Tools-Microbiome-Analysis
Tools-Microbiome-Analysis is a websites containing a comprehensive list of R packages and, more importantly, tutorials related to analysis of microbial amplicons and ecology. Really good reference to go back to every now and then. Highly recommended.
grimmlab/MicrobiomeBestPracticeReview
Essential paper to read (Current challenges and best-practice protocols for microbiome analysis, 2021 (Bharti and Grimm (2021))) and a great workflow resource on GitHub. Essential read. The Grimm lab in Munich published this paper as well as developed a python and R-based workflow that assists with the recommended best practices (amplicon as well as metagenomic workflows).
KasperSkytte/ampvis2
Ampviz2 is an R-package to visualise and analyse 16S rRNA amplicon data. It is always more convenient to have packages that have the details and optics worked out for you. Like phyloseq, the ampviz2 package combines different tables from data (E.g. otu table, taxonomic table, phylogenetic tree, sample data etc) and then provides different functions to apply to that combined object to visualise the data.

References

Bharti, Richa, and Dominik G Grimm. 2021. “Current challenges and best-practice protocols for microbiome analysis.” Briefings in Bioinformatics 22 (1): 178–93.

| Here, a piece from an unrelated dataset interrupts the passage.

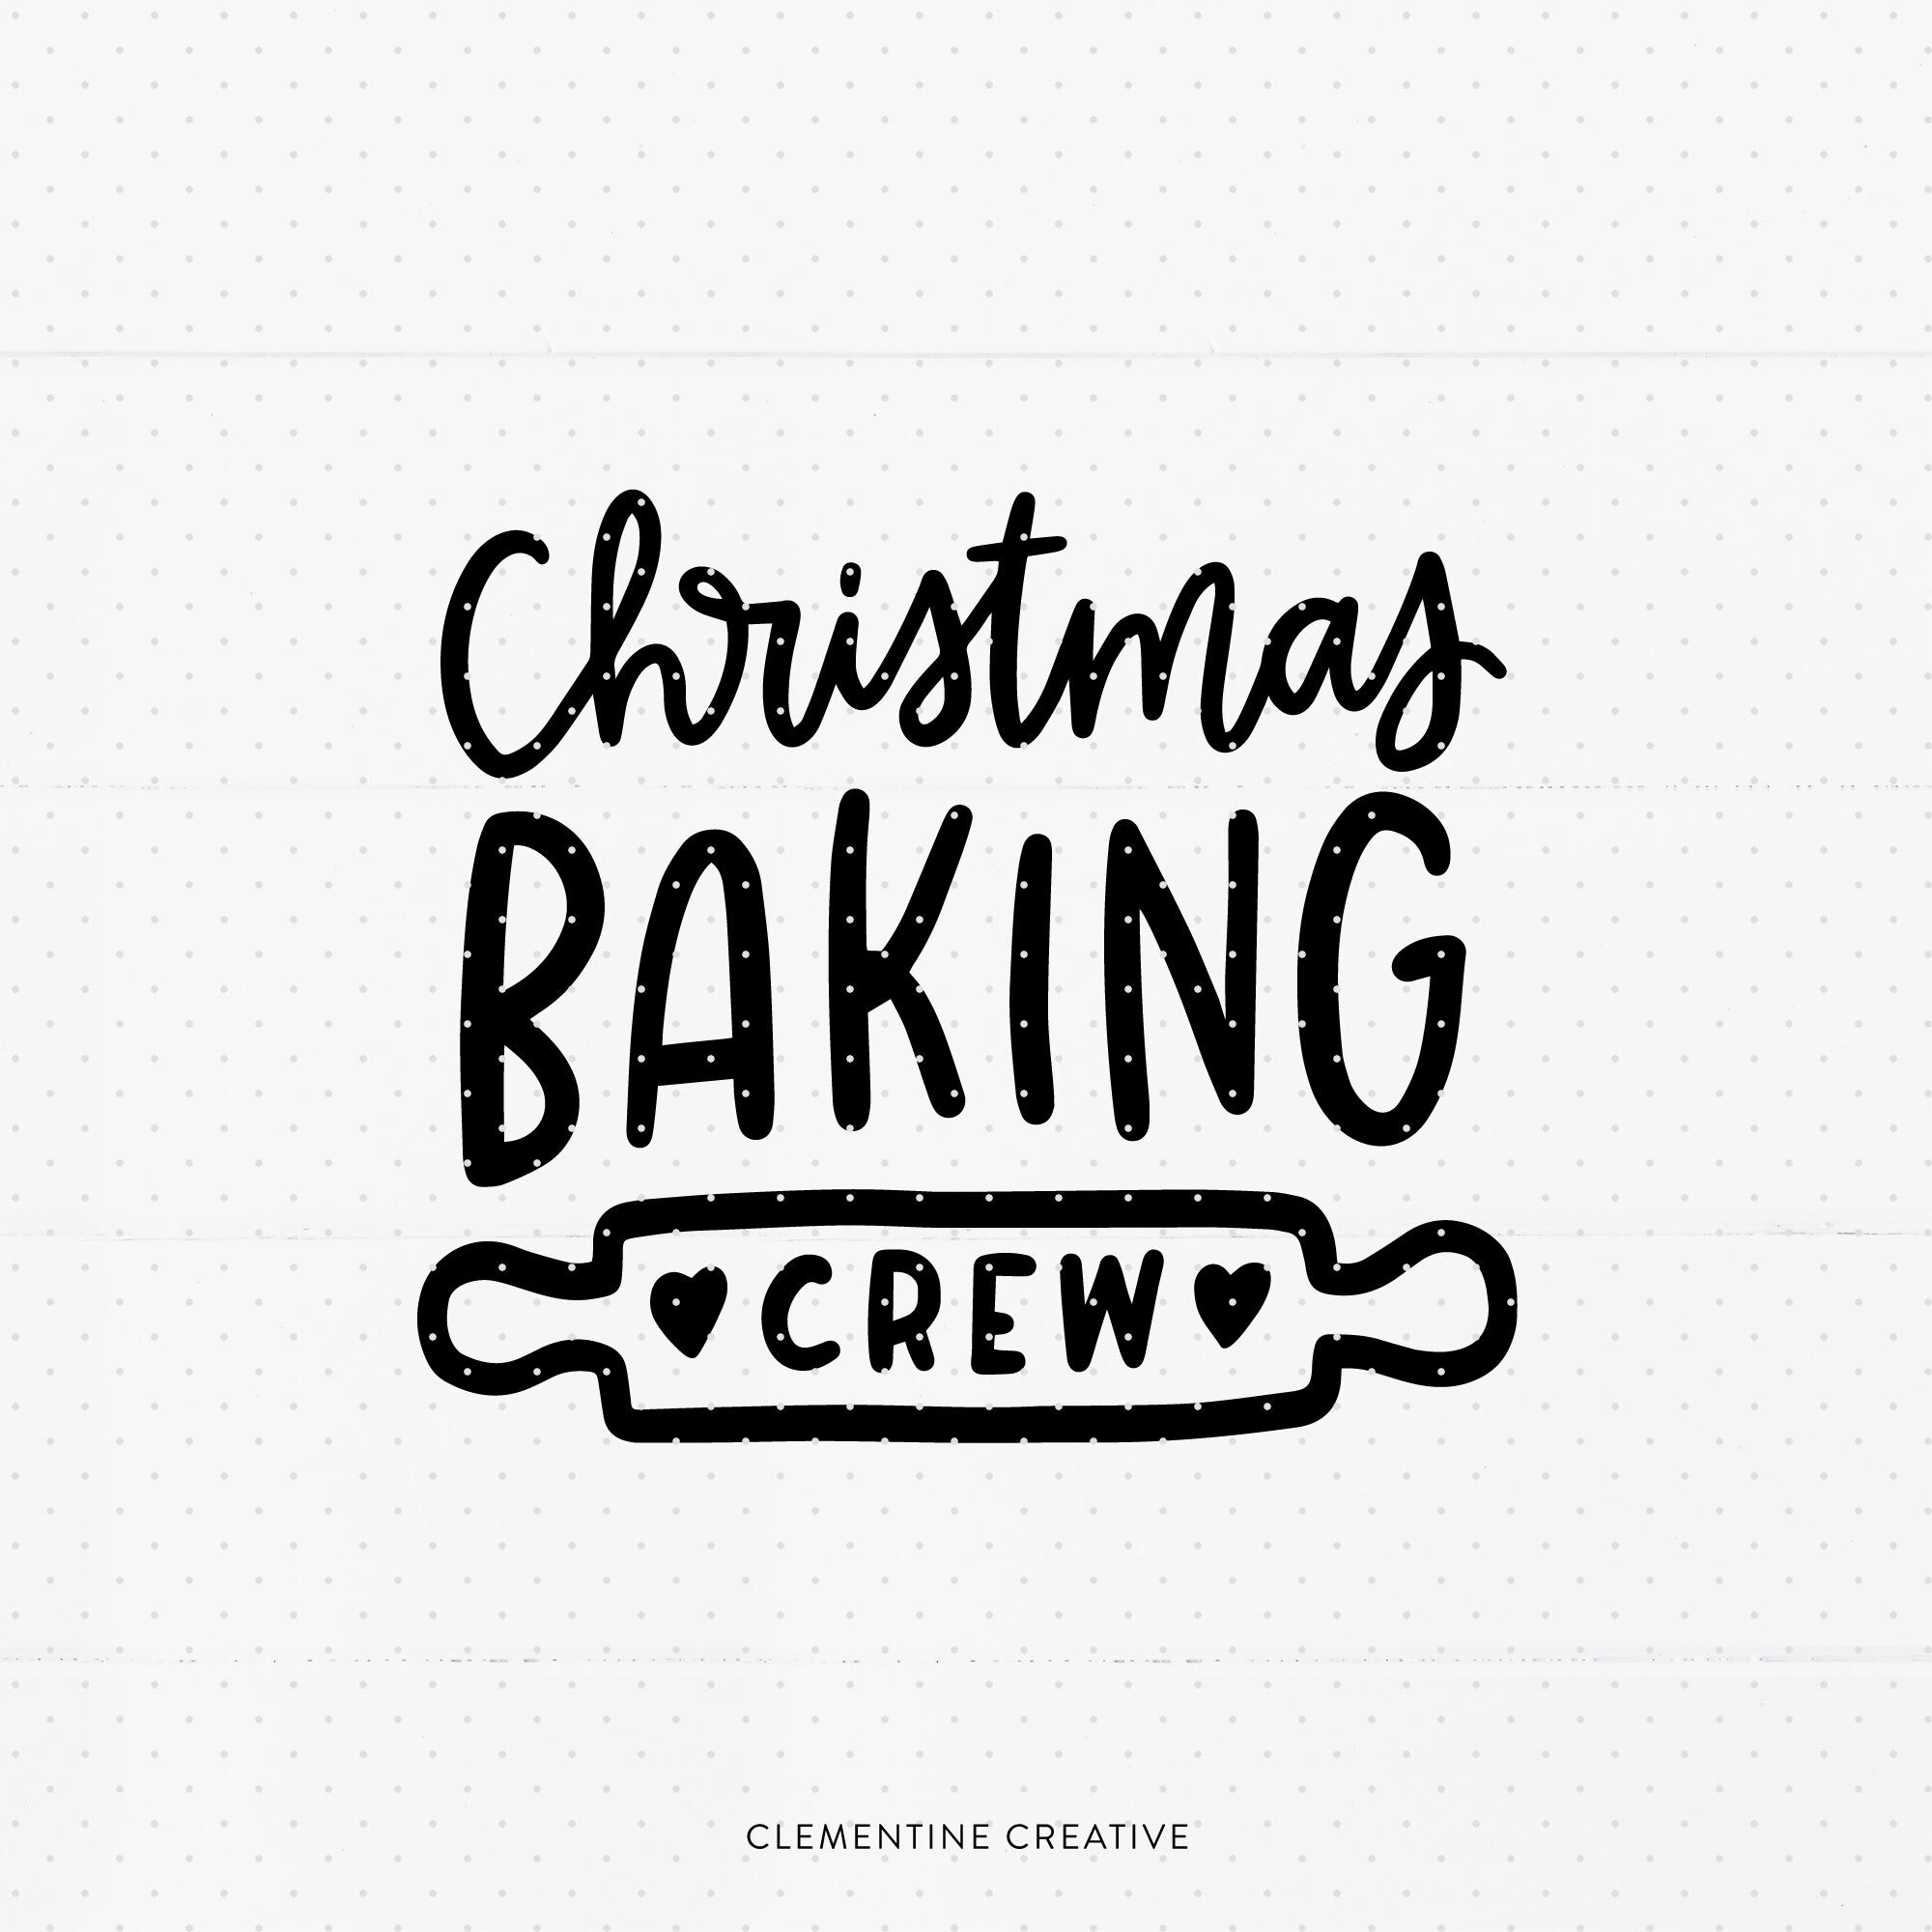 Download Free Christmas Baking Crew Svg Christmas Baking Svg Holiday T Shirt Svg By Clementine Creative Thehungryjpeg Com SVG DXF Cut File

Gloor, Gregory B., Jean M. Macklaim, Vera Pawlowsky-Glahn, and Juan J. Egozcue. 2017. “Microbiome datasets are compositional: And this is not optional.” Frontiers in Microbiology 8 (NOV). https://doi.org/10.3389/fmicb.2017.02224.

Hugerth, Luisa W., and Anders F. Andersson. 2017. “Analysing microbial community composition through amplicon sequencing: From sampling to hypothesis testing.” https://doi.org/10.3389/fmicb.2017.01561.

McKnight, Donald T., Roger Huerlimann, Deborah S. Bower, Lin Schwarzkopf, Ross A. Alford, and Kyall R. Zenger. 2019. “Methods for normalizing microbiome data: An ecological perspective.” Methods in Ecology and Evolution. https://doi.org/10.1111/2041-210X.13115.

McMurdie, Paul J, and Susan Holmes. 2014. “Waste not, want not: why rarefying microbiome data is inadmissible.” PLoS Computational Biology 10 (4): e1003531.